Probably a good idea. The double colon seems a bit out of place, not a token that exists anywhere else.
Maybe
PASM lines have a well defined format:
[label] [condition] instruction [paramters] [effect]
A smple check for condition and instruction will solve the backward compatibility.
The only ambiguity is when there is only a label
DAT label
How many are using that ? I hope nobody...
But why should we just "hope"? This is a new feature, so there's no reason not to introduce some kind of unique syntax marker to make sure conflict is impossible. This should also make it easier for tools like VS Code to parse.
I suggested
DAT::name
in analogy to C's namespaces. Ada preferredDAT (name)
. We could also doDAT #name
orDAT ^name
or any single character, really.PNut uses the keyword gating to enable new keywords, you can do the same to enable DAT names and ensure 100% compatibility.
It's not only the compatibility that I'm trying to improve, but also the ease of parsing. Spin2 already has all kinds of exceptions and ambiguities that a parser has to work around. I'd rather not add more. Putting in a marker of some kind removes the ambiguity completely. What is your objection to this? I realize you've probably already implemented it without the marker, and you'd rather not do more work, but my preference is to get things right before making it a cross-compiler standard.
You could always leave the markerless version in Spin Tools IDE as an extension, if you'd like (with the tiny risk of backwards incompatibility).
Ultimately I guess it will be up to @cgracey and @"Stephen Moraco" how and whether to put this in the "official" compiler, so I'd be interested in their thoughts.

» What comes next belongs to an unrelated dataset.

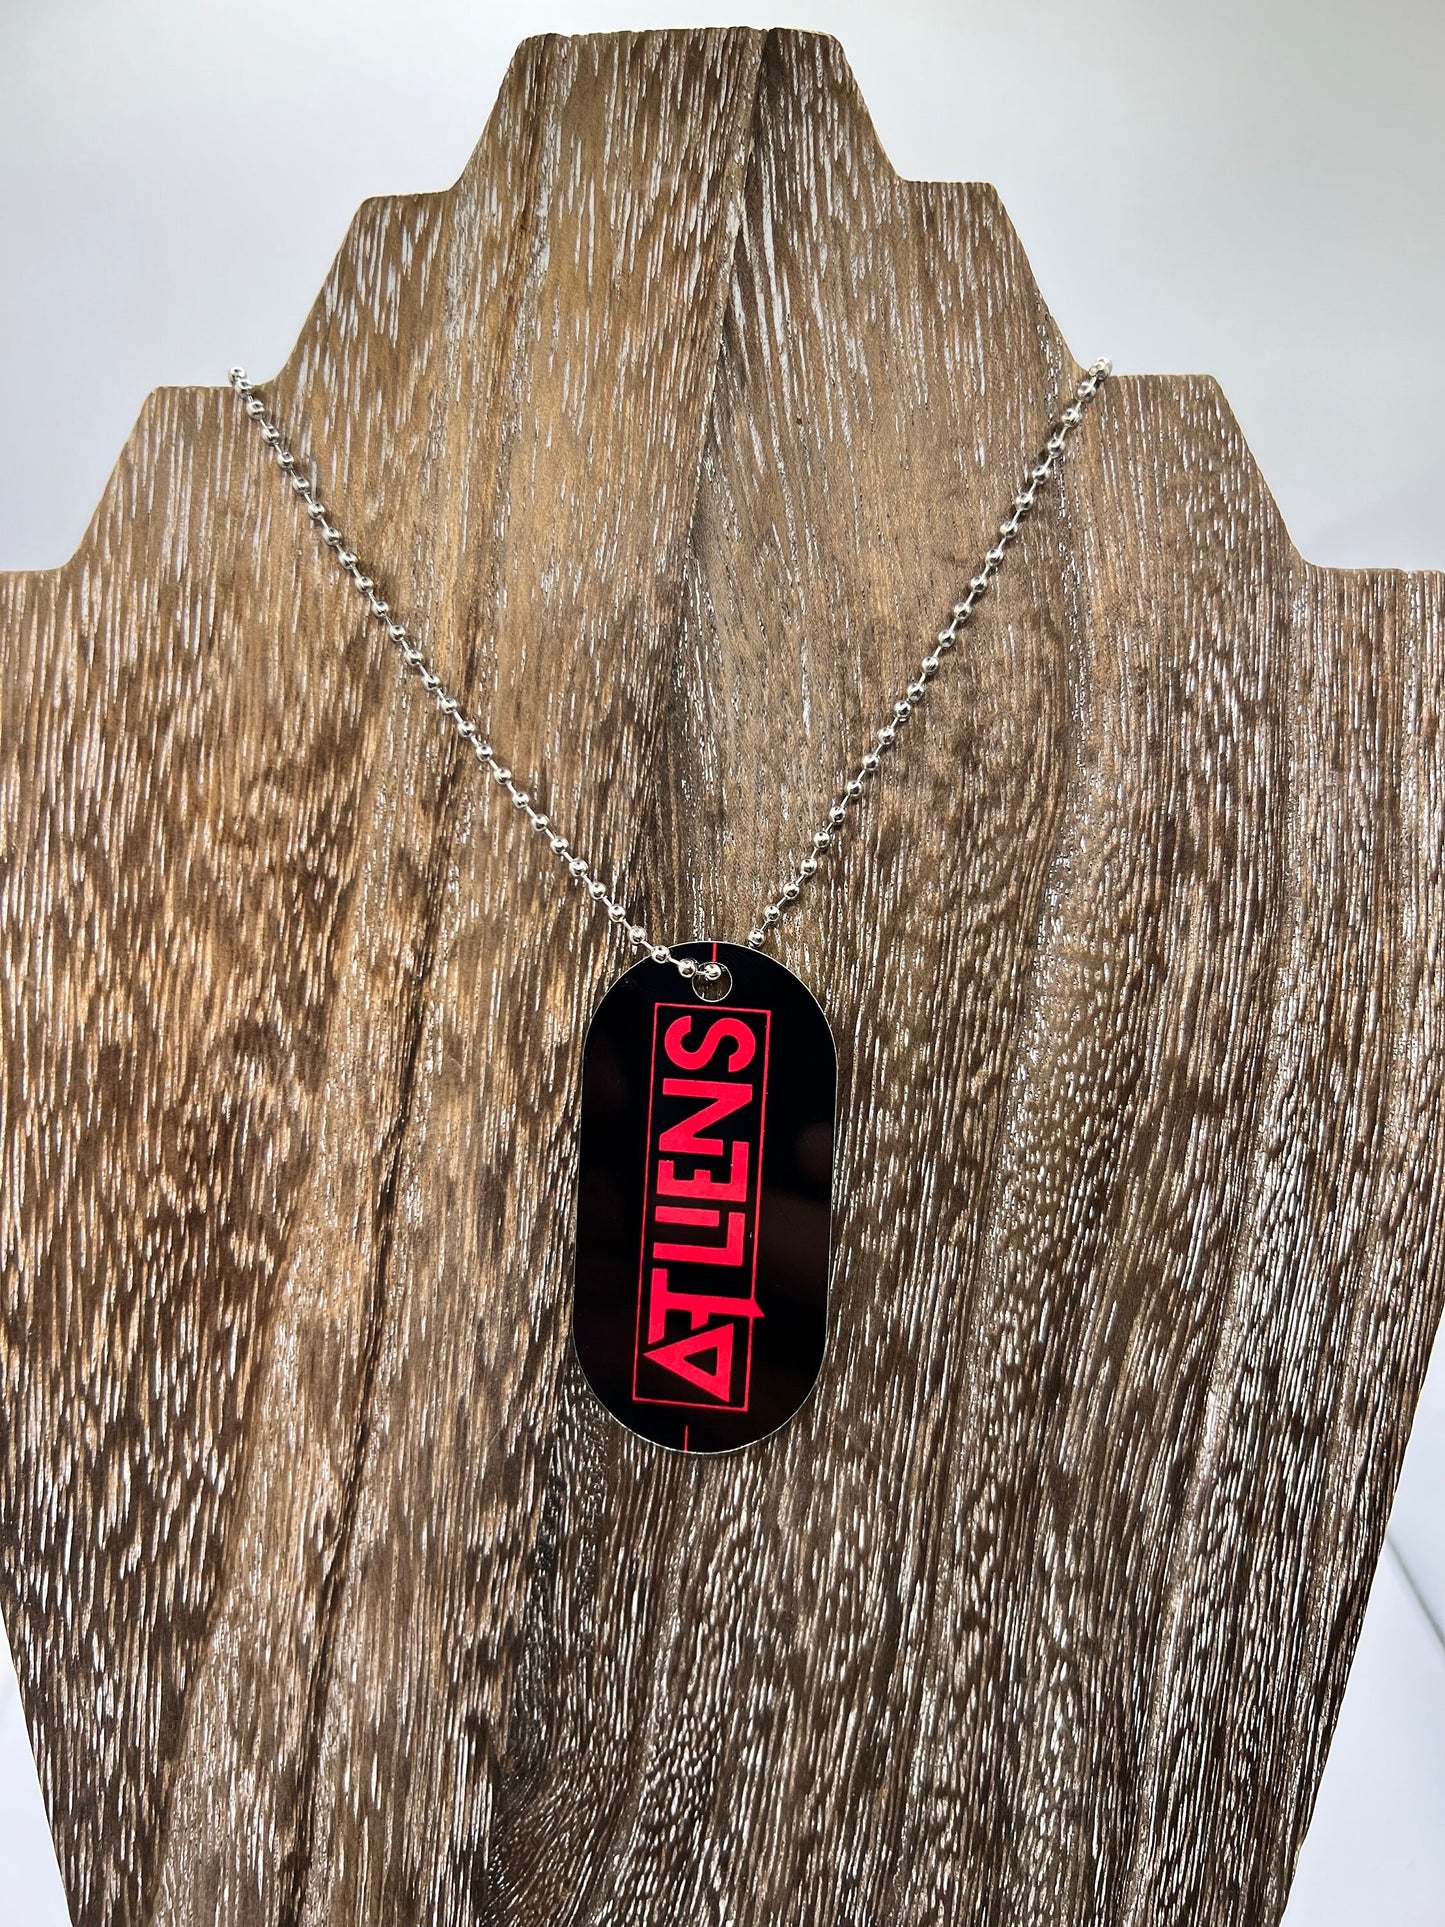 ATLiens  double sided Necklace Dogtag Chain  Dubstep Rave EDM DJ Producer Bass trippy wubz Wook vibe peace love

Honestly I don't understand what difficults are to parse a label... I mean, I guess you already parse the DAT line for instructions, so get the next token, if it is a label (not a condition nor an instruction) it may be a label or the namespace, get the next token, if a condition or an instruction then proceed to parameters and effects (not a namespace), otherwise it is the namespace (and throw an error if there are more keywords). Needed only for the DAT line itself.
I've found more difficulties to implement the compiler part.
Having already implemented it is a reason, but to me, the DAT name is simple and clean, with 99.9% backward compatibility without the need for keyword gating, has some consistency with PUB/PRI methods (not that really matters). I don't like at all prefixes or other cumbersome specifiers that then are not consistent with each other.
I would like to implements PASM-only objects for this, however it is more diffcult than expected (well, some aspects of it, for example taking the address of a label, because child objects are compiled after the main object, at least in my compiler).
If you want easy parsing, we may simply add a new PASM keyword/directive, something like
name
ornamesp
(a short name for consistent formatting) to define the namespace.